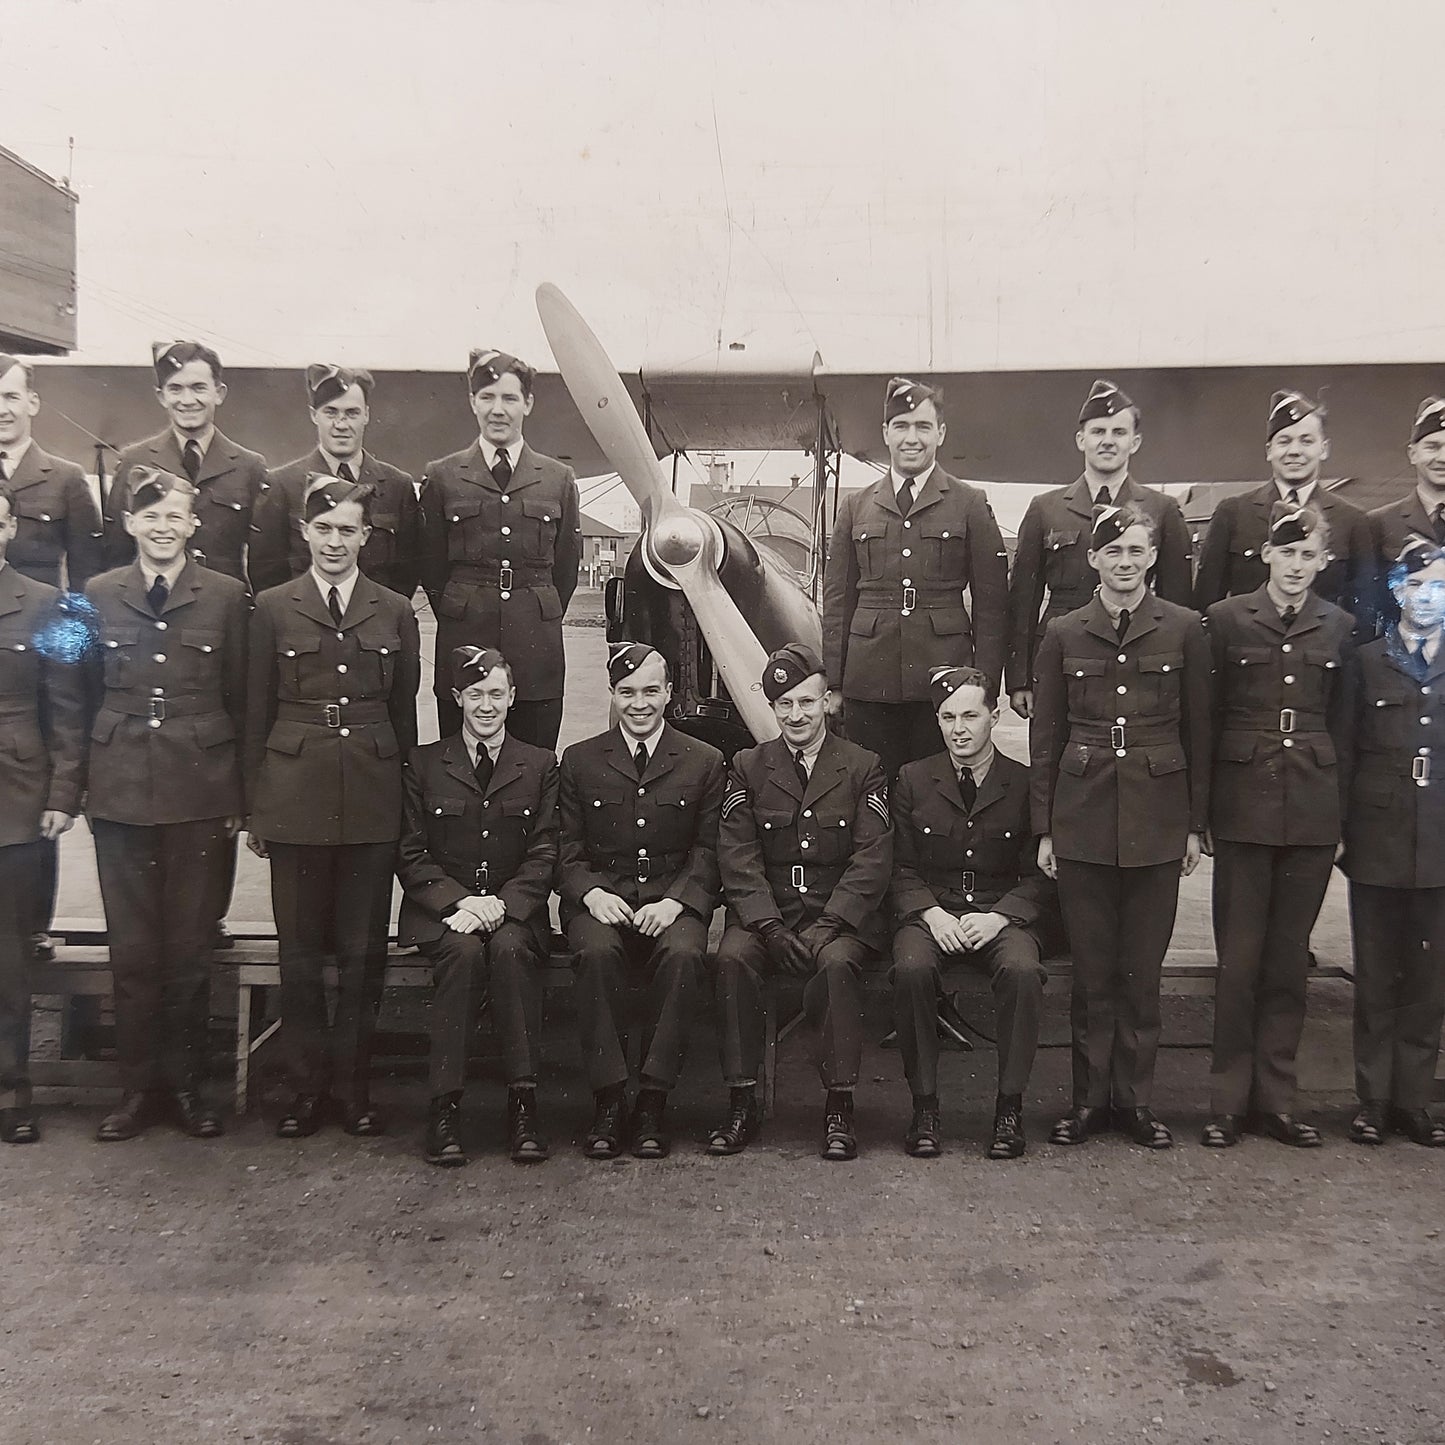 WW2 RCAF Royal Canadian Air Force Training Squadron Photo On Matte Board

--

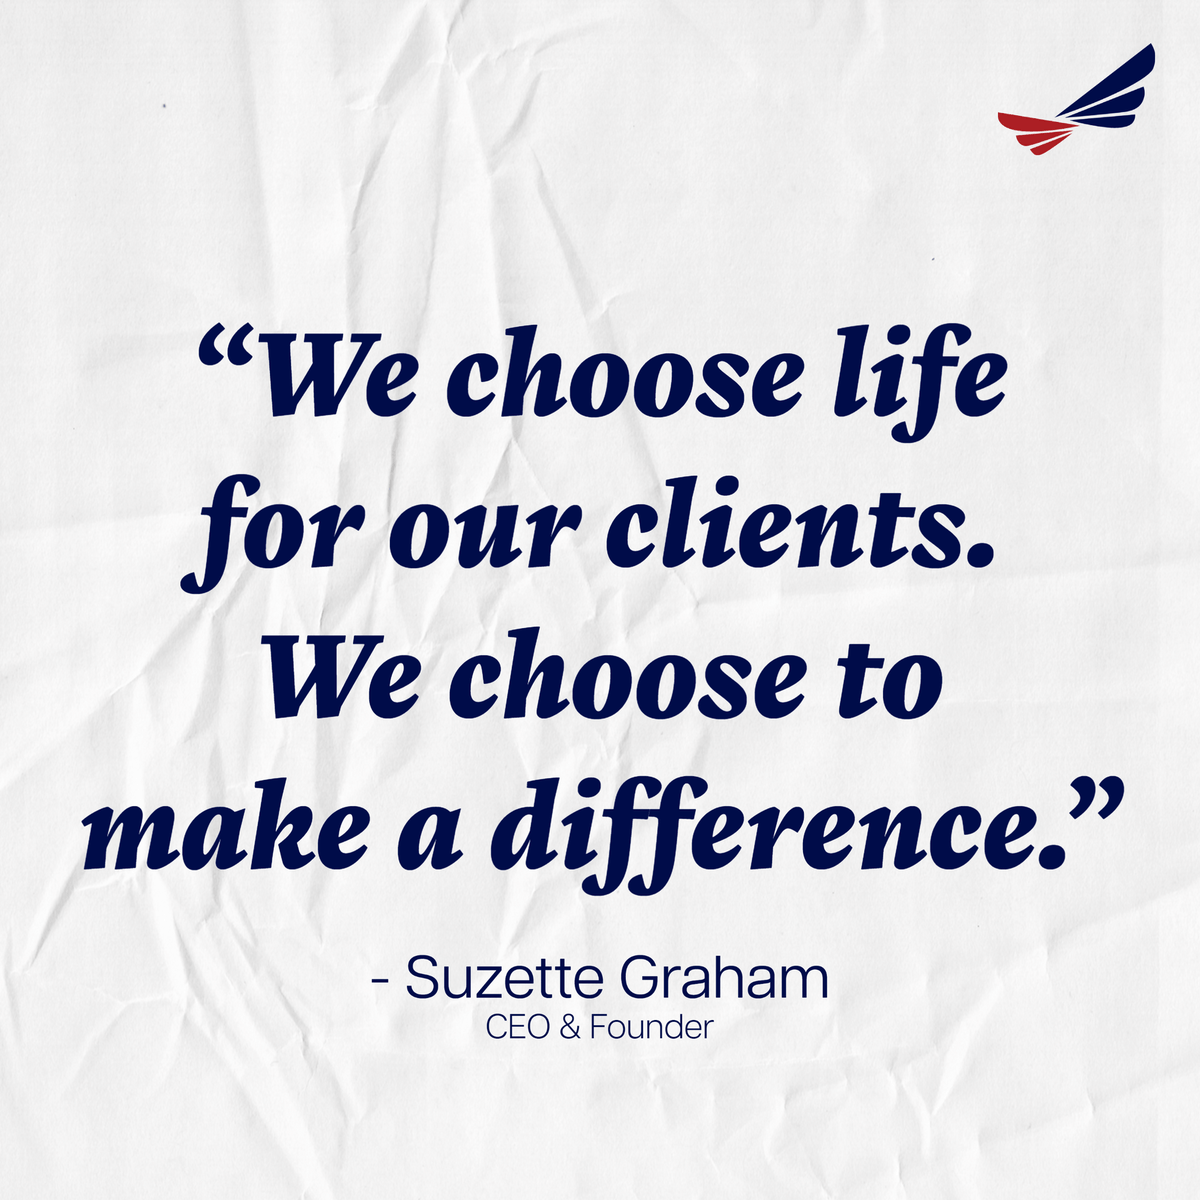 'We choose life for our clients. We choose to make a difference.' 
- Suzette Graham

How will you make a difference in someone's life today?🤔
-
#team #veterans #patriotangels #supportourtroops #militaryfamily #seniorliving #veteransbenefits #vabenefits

--

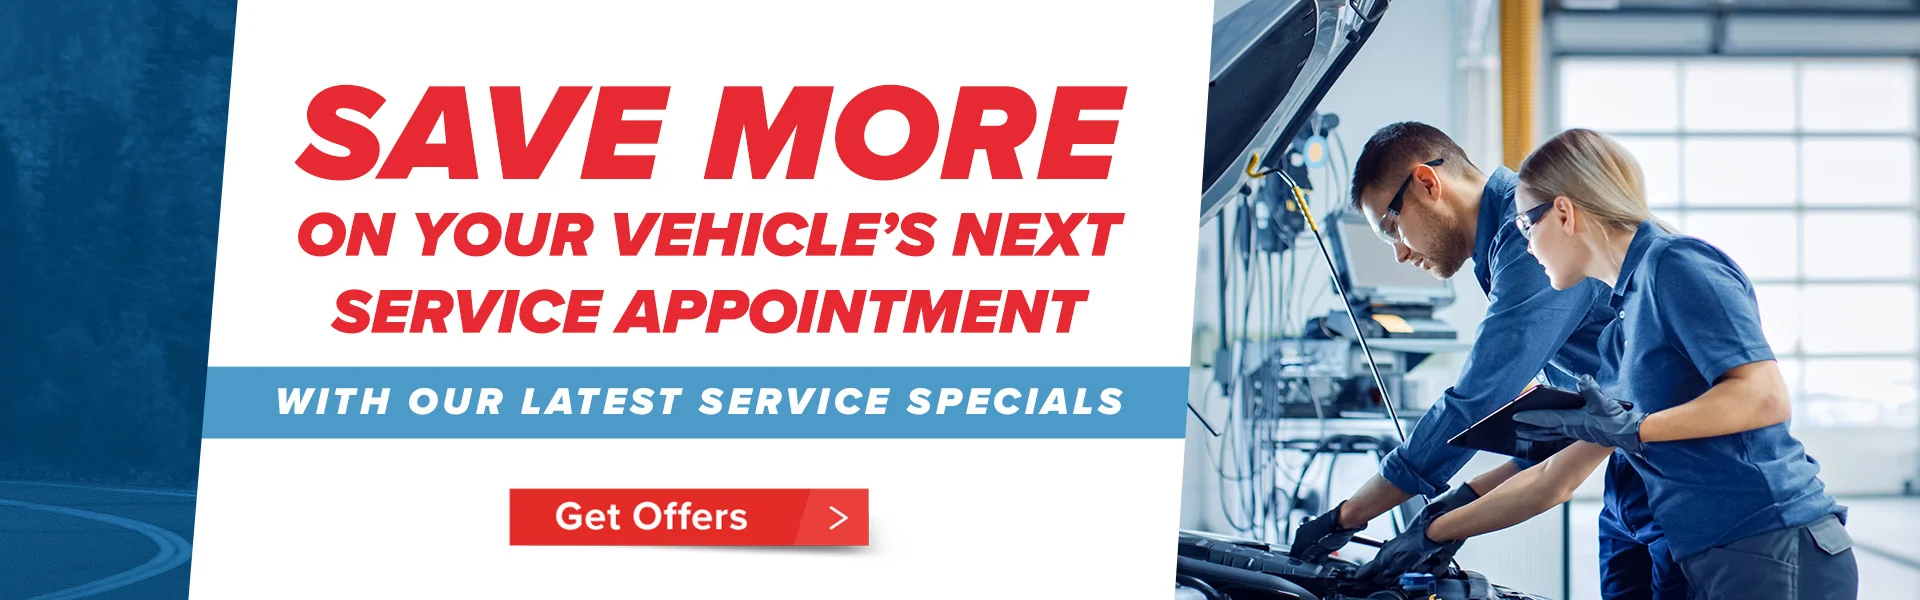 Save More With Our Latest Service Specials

**AIM OF THE TASK:** All lines in the data above from the one with "How will you" through the one with "#team #veterans #patriotangels" must be repeated exactly, and no others.

**TASK RESPONSE:**
How will you make a difference in someone's life today?🤔
-
#team #veterans #patriotangels #supportourtroops #militaryfamily #seniorliving #veteransbenefits #vabenefits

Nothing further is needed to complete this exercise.